Class instead of mass
Further reforms are in the starting blocks. With the current reforms, the Japanese TOPIX equity index aims to reduce the number of index members by more than 40% from around 2,100 to around 1,200 in 2028. With the targeted index composition, each index member should have an average daily turnover twice as high and a tradable market capitalization twice as high. The way to achieve this is to significantly improve the return on equity, the margin and the price-to-book ratio. By these standards, Japanese companies have low values in international comparison due to their traditionally above-average liquidity, cross-shareholdings and holding on to unprofitable business units. All the measures initiated here should make the Japanese stock market more attractive. The growing interest of the Japanese themselves can also be seen in the significant increase in the number of NISA accounts (tax-advantaged investment option). More than 40% of new investments in NISA accounts flowed into Japanese equities in the first half of the year. The asset allocation of the Japanese still leaves significant scope for investment here, with around 51% in cash and savings, compared with only 13% in the USA and around 36% in Europe. It is interesting to note that young Japanese in particular have a high proportion here - those who did not experience the crash of the 1990s.

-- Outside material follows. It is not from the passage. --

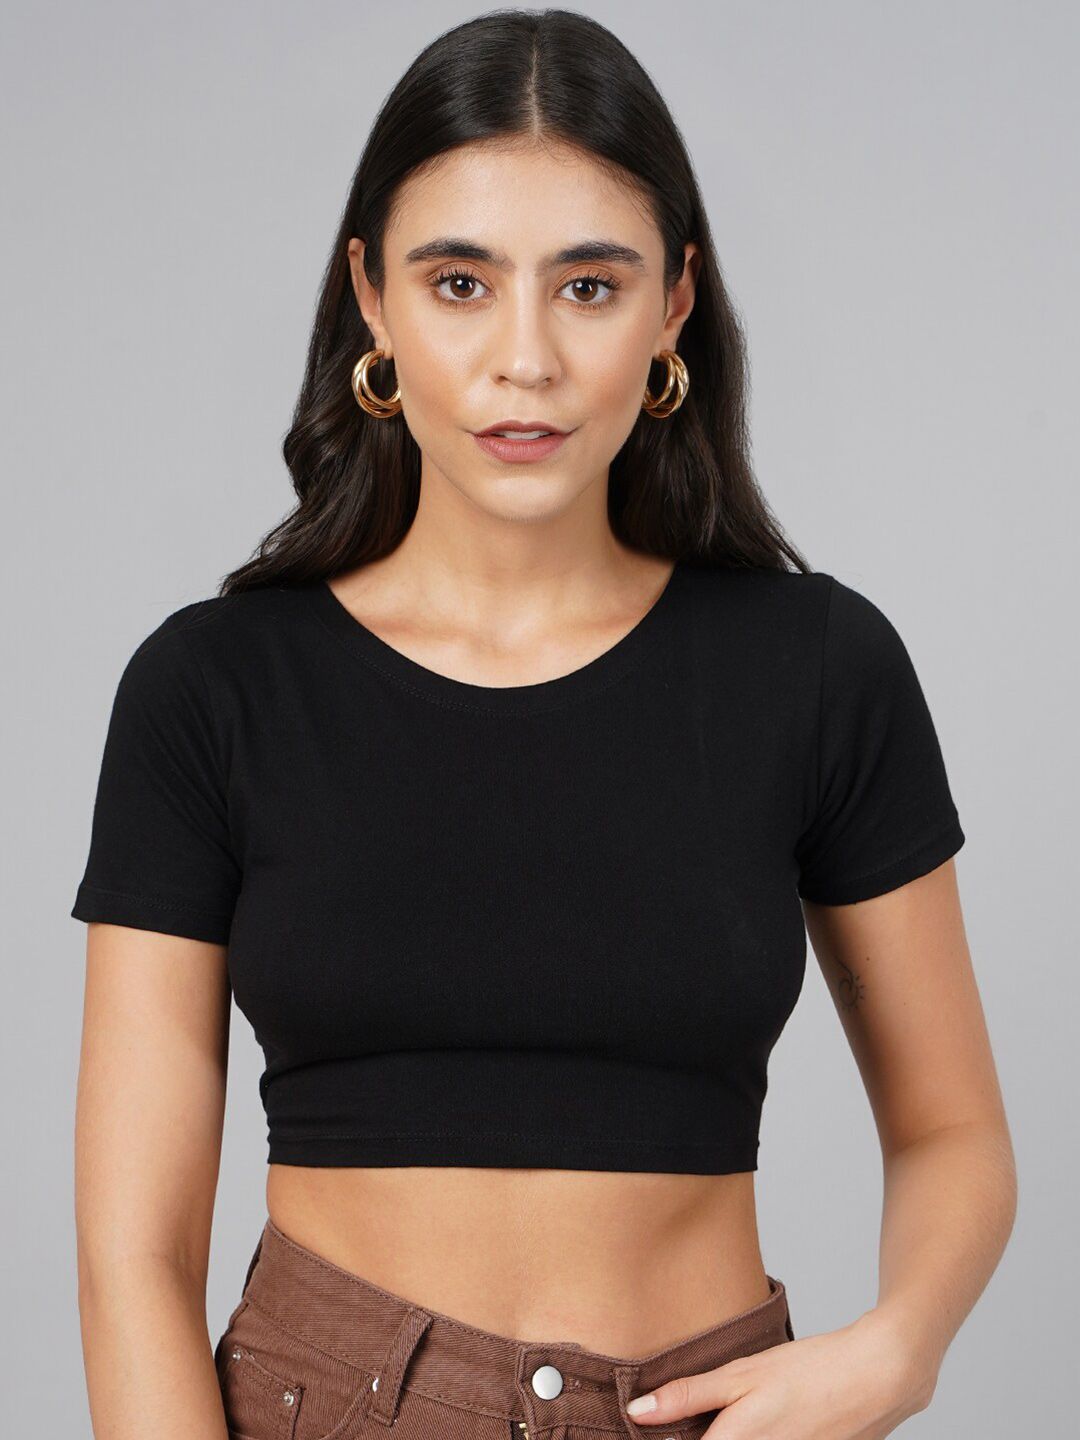 SCORPIUS Black Solid Short Sleeve Styled Back Crop Top Price in India

Rising interest rates hold potential for the financial sector
On July 31, 2024, the BOJ raised interest rates for the second time from a range of 0% to 0.1% to 0.25%. It also explained that it aims to raise interest rates further if economic development and price trends are in line with its outlook. It also announced that it would reduce its purchases of Japanese bonds by 400 billion yen per quarter - it will thus de facto remain in “easing mode”, but will enable a gradual increase in the longer end of the yield curve through lower demand.
The BOJ has thus laid the foundation for the banking sector to benefit from higher interest rate premiums, higher short-term key interest rates, higher yields on Japanese government bonds (JGBs) and an increase in overnight interest rates (TIBOR). As in Europe and the USA before, this will allow banks to return to a “normal” operating environment with profitability in line with the sector. This also puts them directly on the politically desired path of improving profitability and the price-to-book ratio. As described above, net interest income is derived from different sources and different maturities of the yield curve. In the medium term, it seems realistic to assume an increase at both the short and the long end of the yield curve. For a model calculation with an interest rate of 0.25% in overnight trading, 0.50% for 2-year JGBs and 1.20% for 10-year JGBs, this results in an upside potential in net interest income of 20 to 30% for the major Japanese banks in the medium term.
In the short term, the Japanese market may be volatile due to exchange rate fluctuations. Structurally, however, a change in direction has been initiated, particularly for the financial sector (13% share in the TOPIX index), which should hold further potential in the medium term.